Downvotes. Nice. I guess people really don't care about HIV in Africa.

This whole conversation is only serving to make me more and more cynical than I normally like to be. I'm beginning to get the strong impression that there are some members of society that would actually be disappointed if a total cure that could be widely deployed to this plague were found. Like HIV is the enforcer for their idea of proper morals and skin color. I've heard this idea bounced around in LGBT communities before but never really paid it much credence until now.


No, I think where the disagreement lies between you and other posters is that they believe that people are stupid and if they had such a test they wouldn't use condoms... This argument is made for college town and the US (and Europe). And call me cynical but I agree with it, people are dumb, misinformed and would most likely think that they're ok if the test is negative and not bother with condoms. This would actually increase the number of people with aids since people who just contracted aids and are highly contagious will show as negative because they don't have any antibodies yet...

For Third world countries, it's a different matter, I think this test is great. It helps a real problem by providing a convenient way to test for aids to doctors in remote villages and might help slow this awful epidemic...


That argument is absolute shit. The reason people in the demographic of "college towns" use condoms is because they don't want pregnancies, not because they are actually afraid of HIV.

Therefore: 1) This is also an argument for banning The Pill and the like in college towns. Clearly an idiotic idea. 2) Knowing their partner does not have HIV will not prevent people most people from using a condom if they were going to otherwise.
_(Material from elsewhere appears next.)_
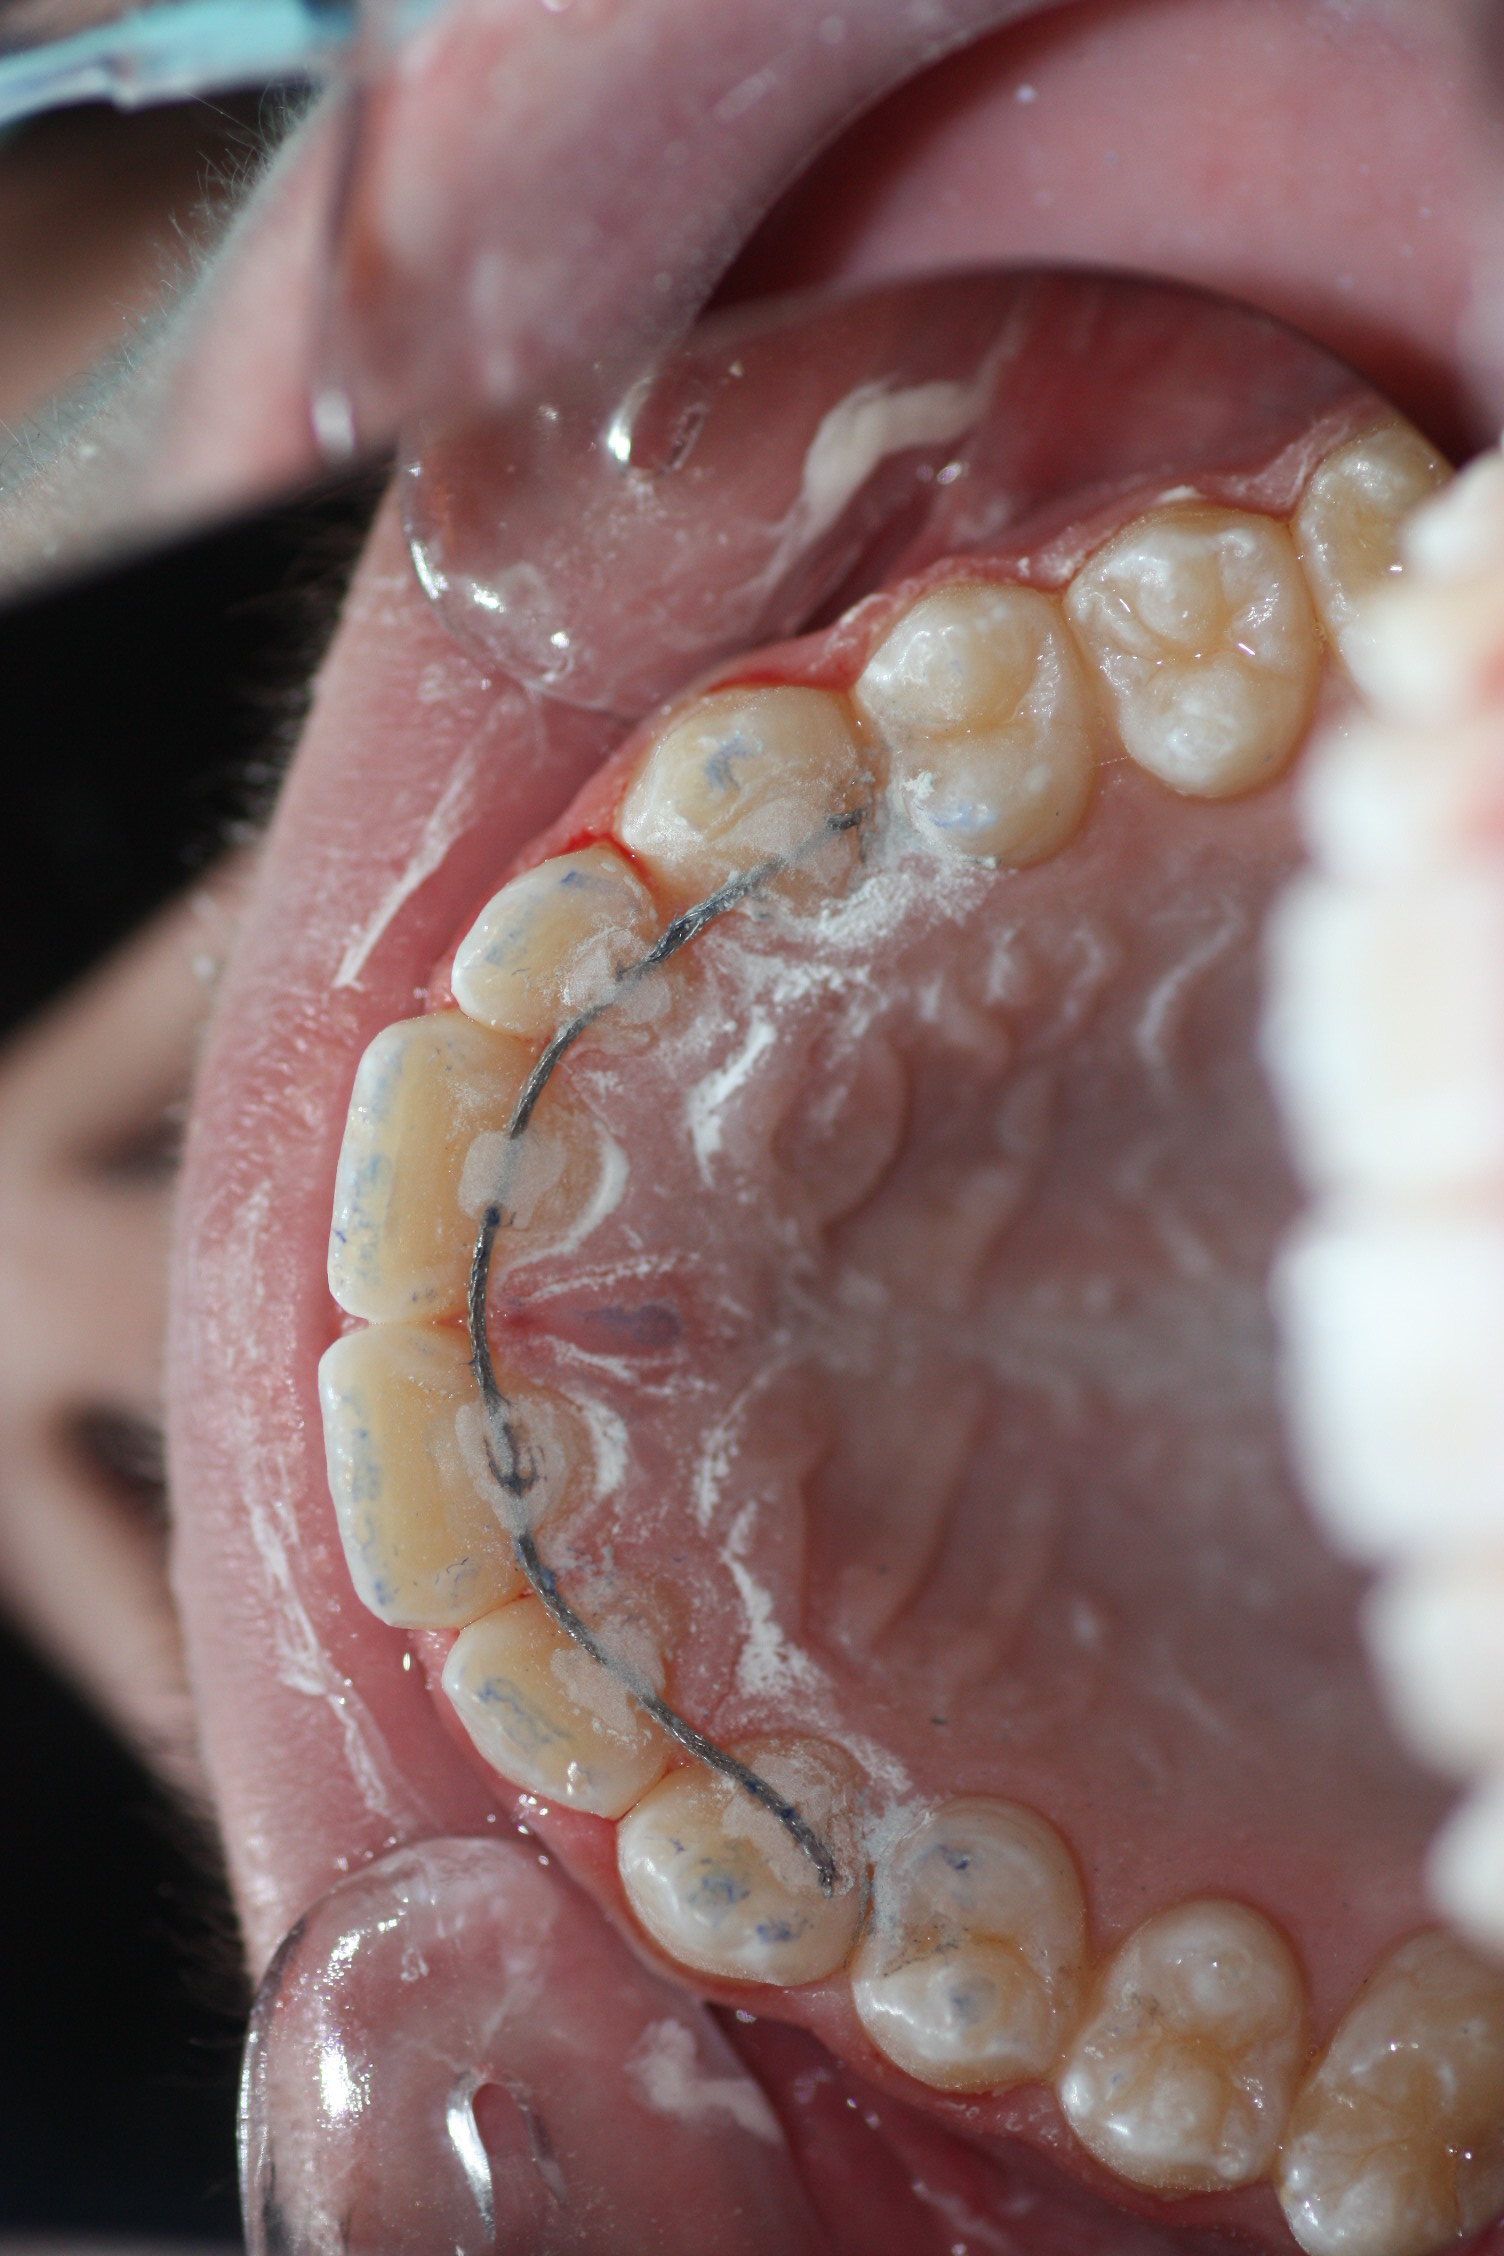 It is important to make an occlusal adjustment so that the patient can bite with nromality despite retention.

When discussing it in the context of bars in college towns, I think a "in first world countries" qualification is appropriate.


College kids don't worry about HIV to begin with. They will either wear a condom, or won't. Knowing their partner does not have HIV won't effect the decision since that is the default assumption anyway. People inclined to not make this assumption are also intelligent enough to realize that this test has false negatives.


Isn't the treatment absurdly expensive compared to the median income? How many can afford it, and what do we let happen to those who can't?